◆ Problem description
Every line of the listing below is to be duplicated exactly, with the pictures left out.

◆ Data shown
━━━━━━━━
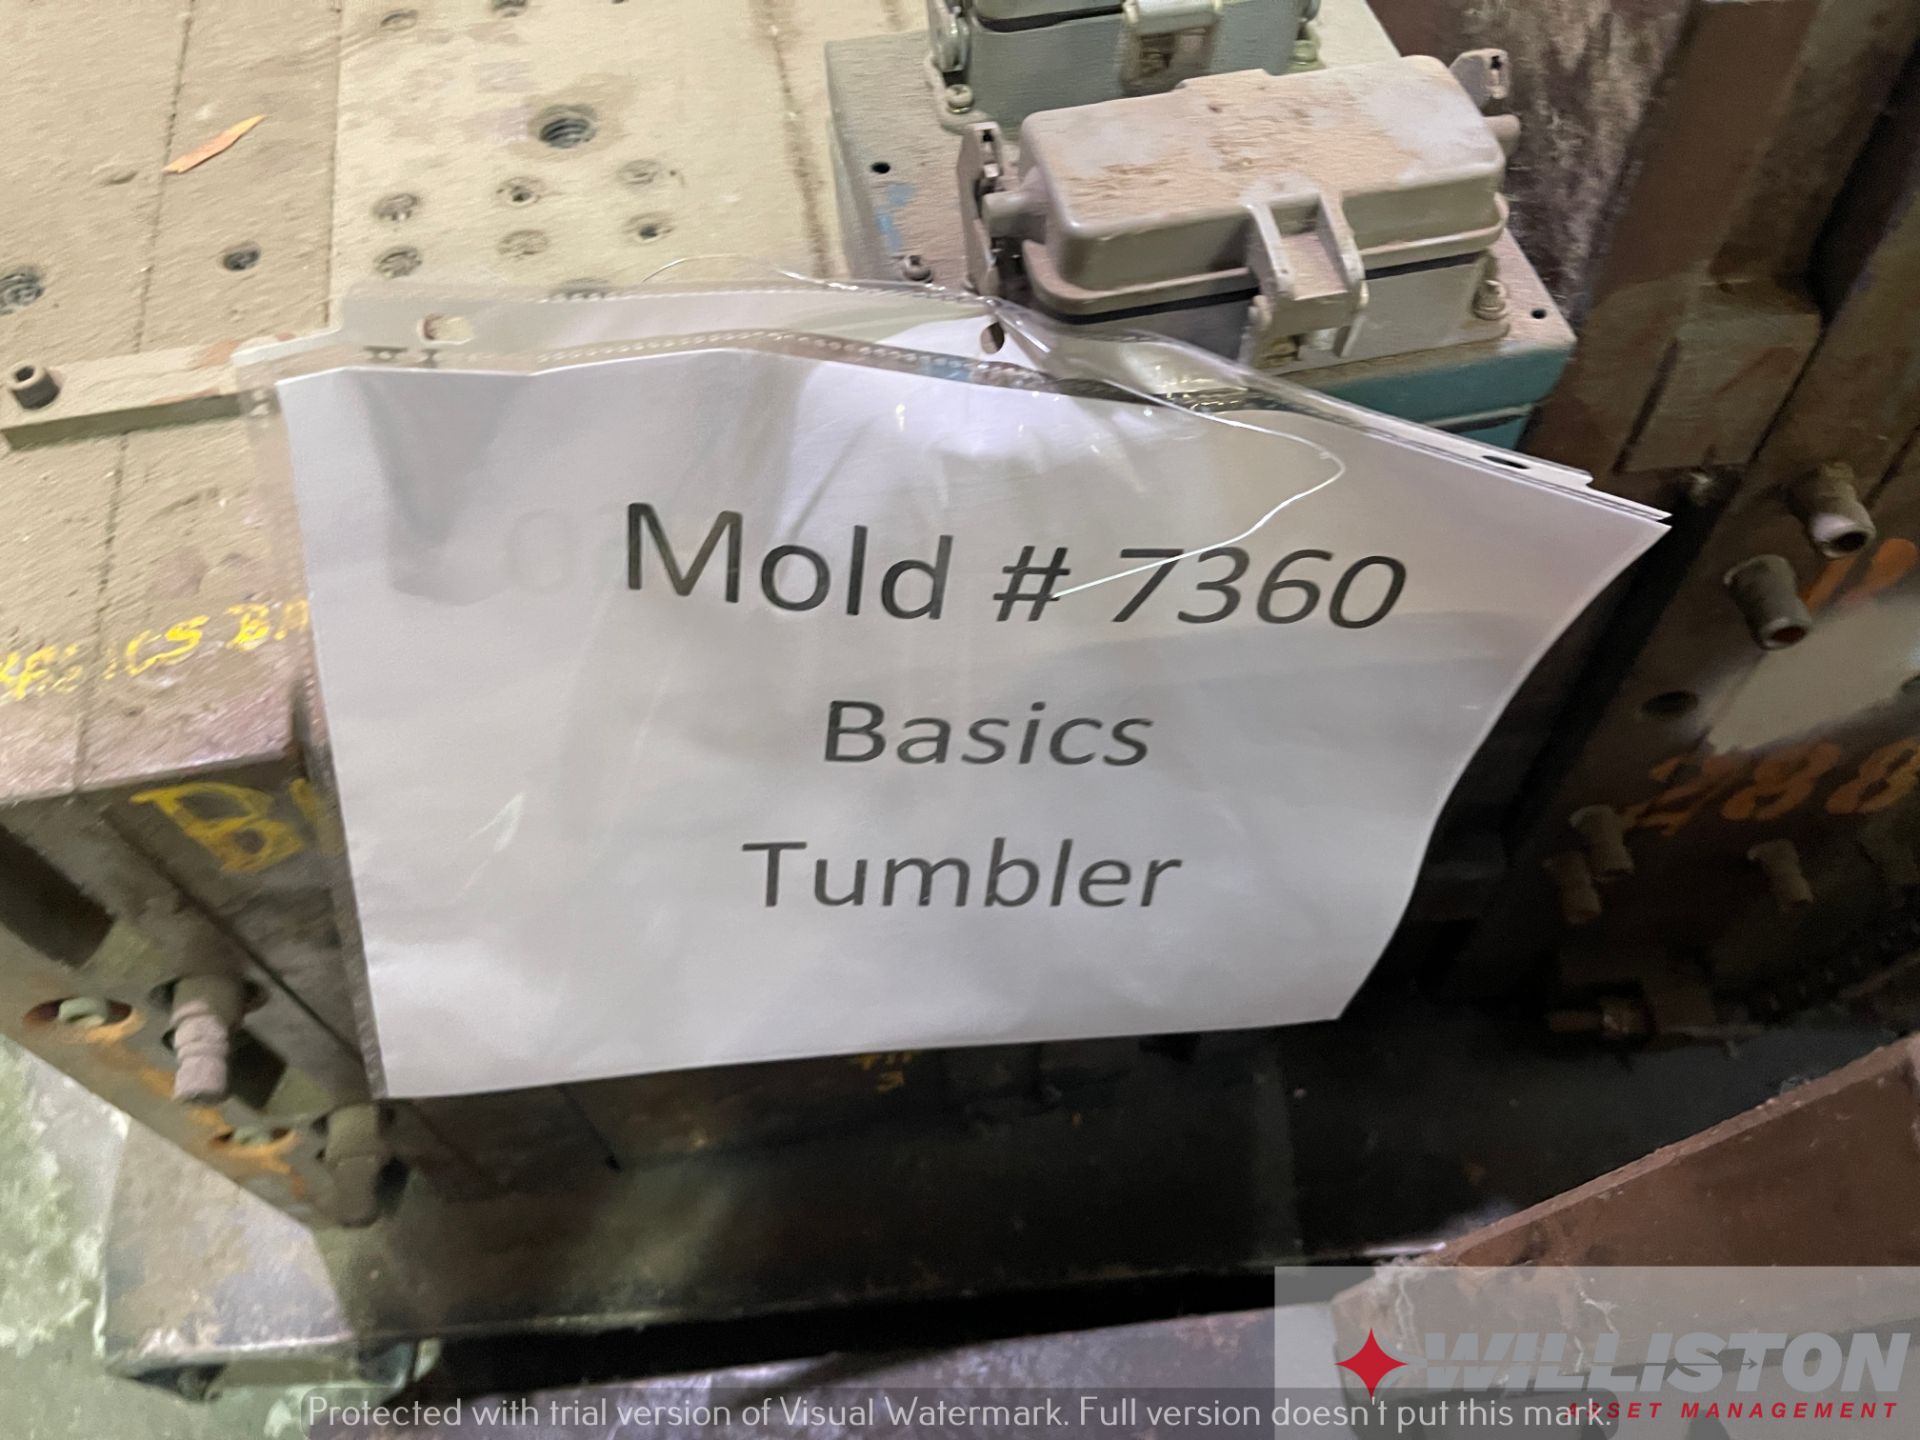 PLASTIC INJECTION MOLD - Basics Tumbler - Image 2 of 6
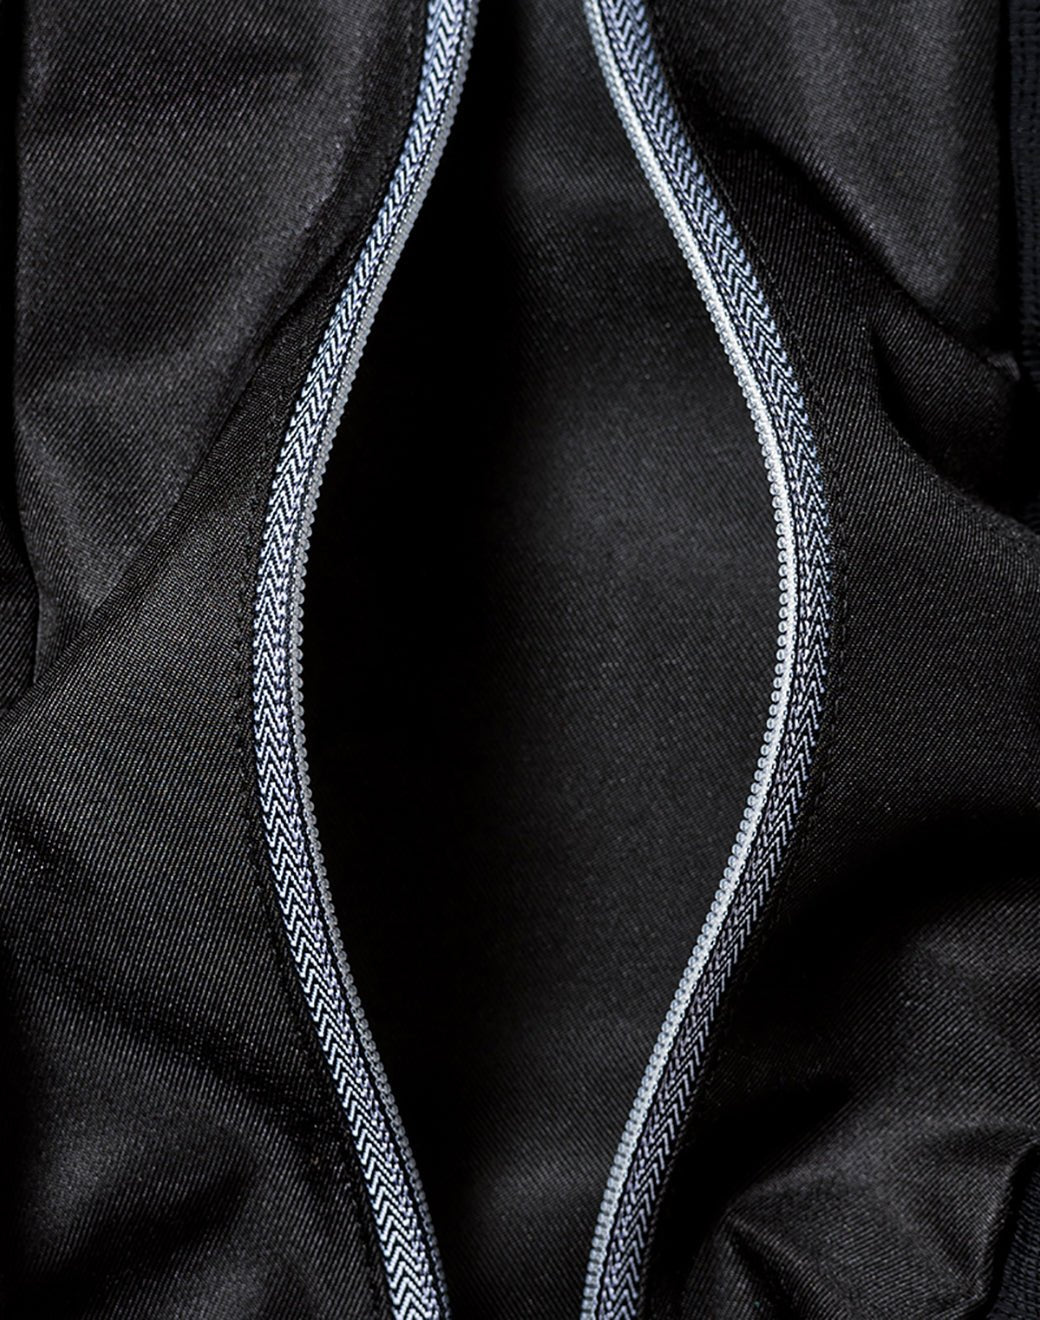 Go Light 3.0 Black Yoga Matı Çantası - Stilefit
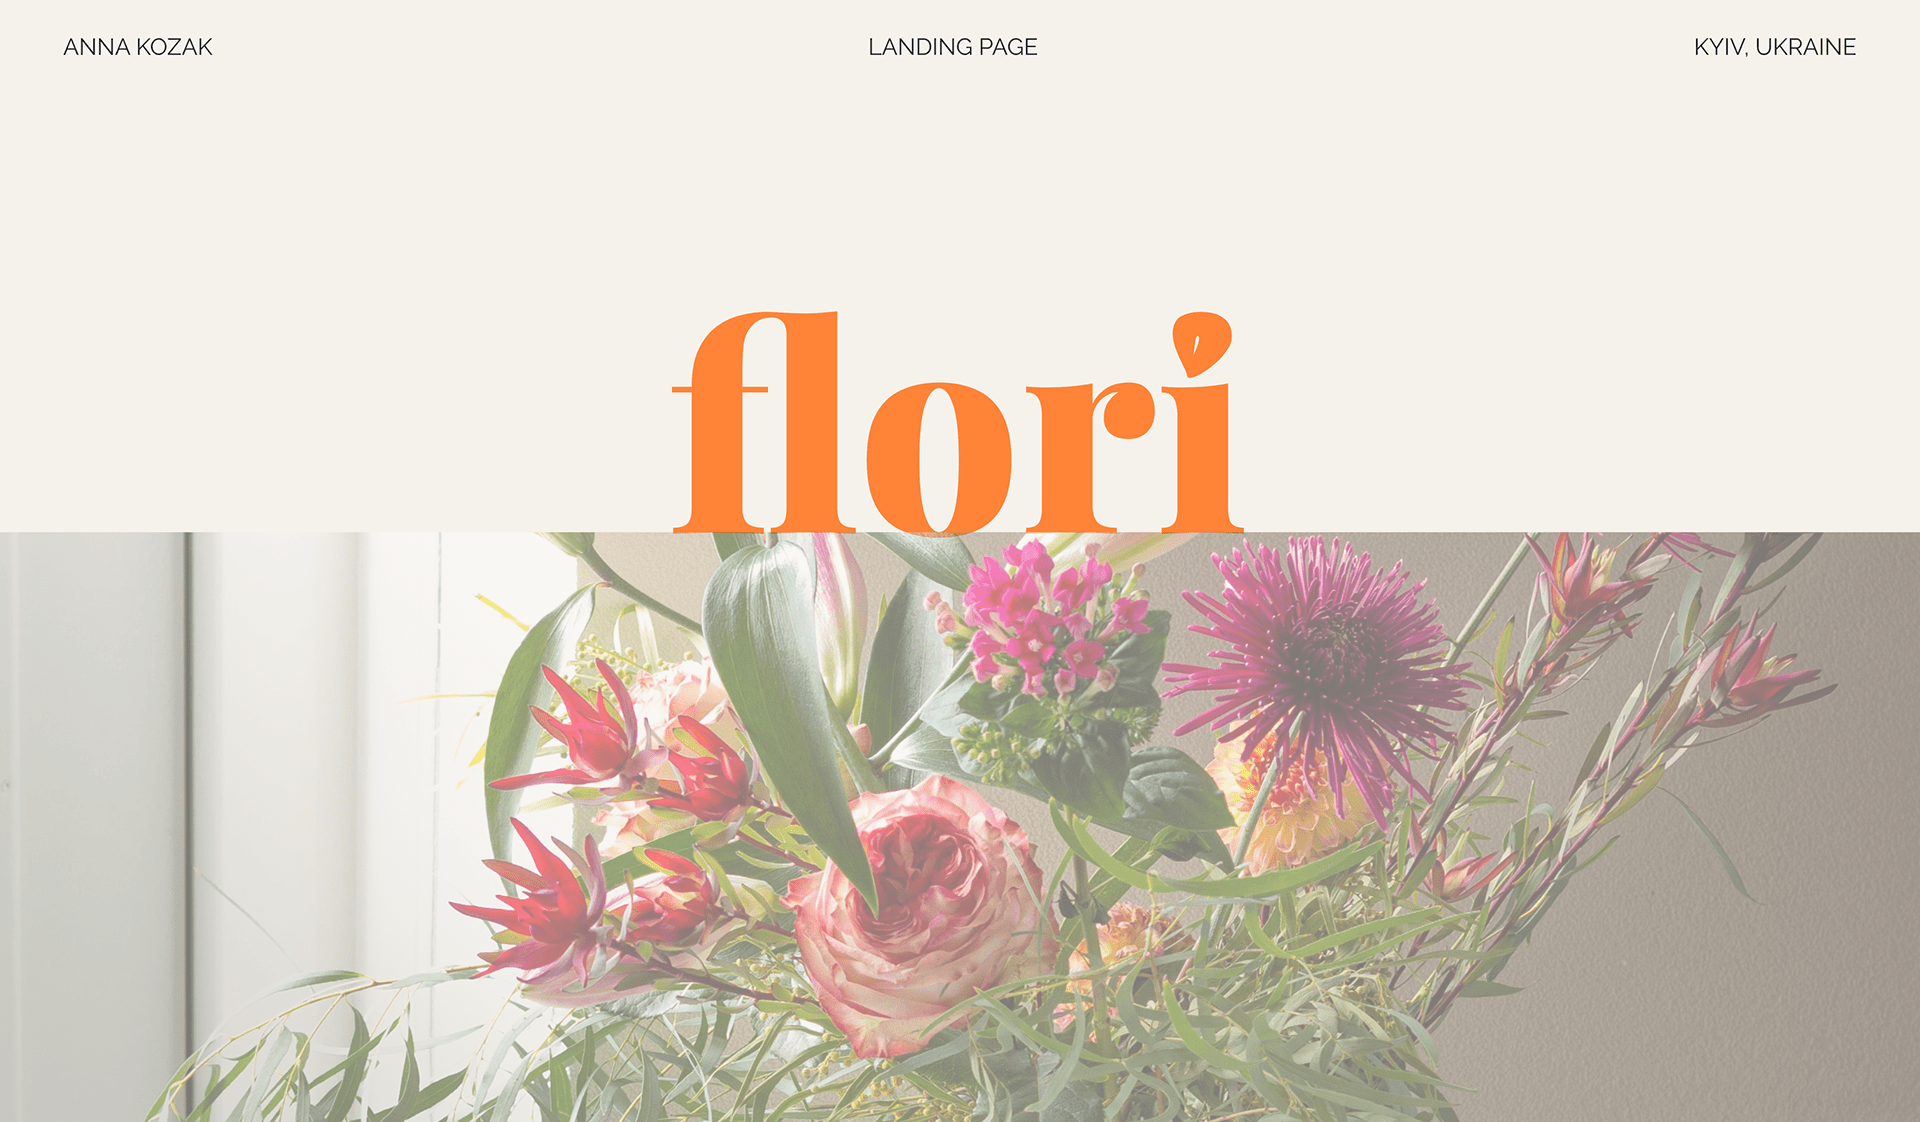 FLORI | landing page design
━━━━━━━━
◆ Result
 PLASTIC INJECTION MOLD - Basics Tumbler - Image 2 of 6
 Go Light 3.0 Black Yoga Matı Çantası - Stilefit
 FLORI | landing page design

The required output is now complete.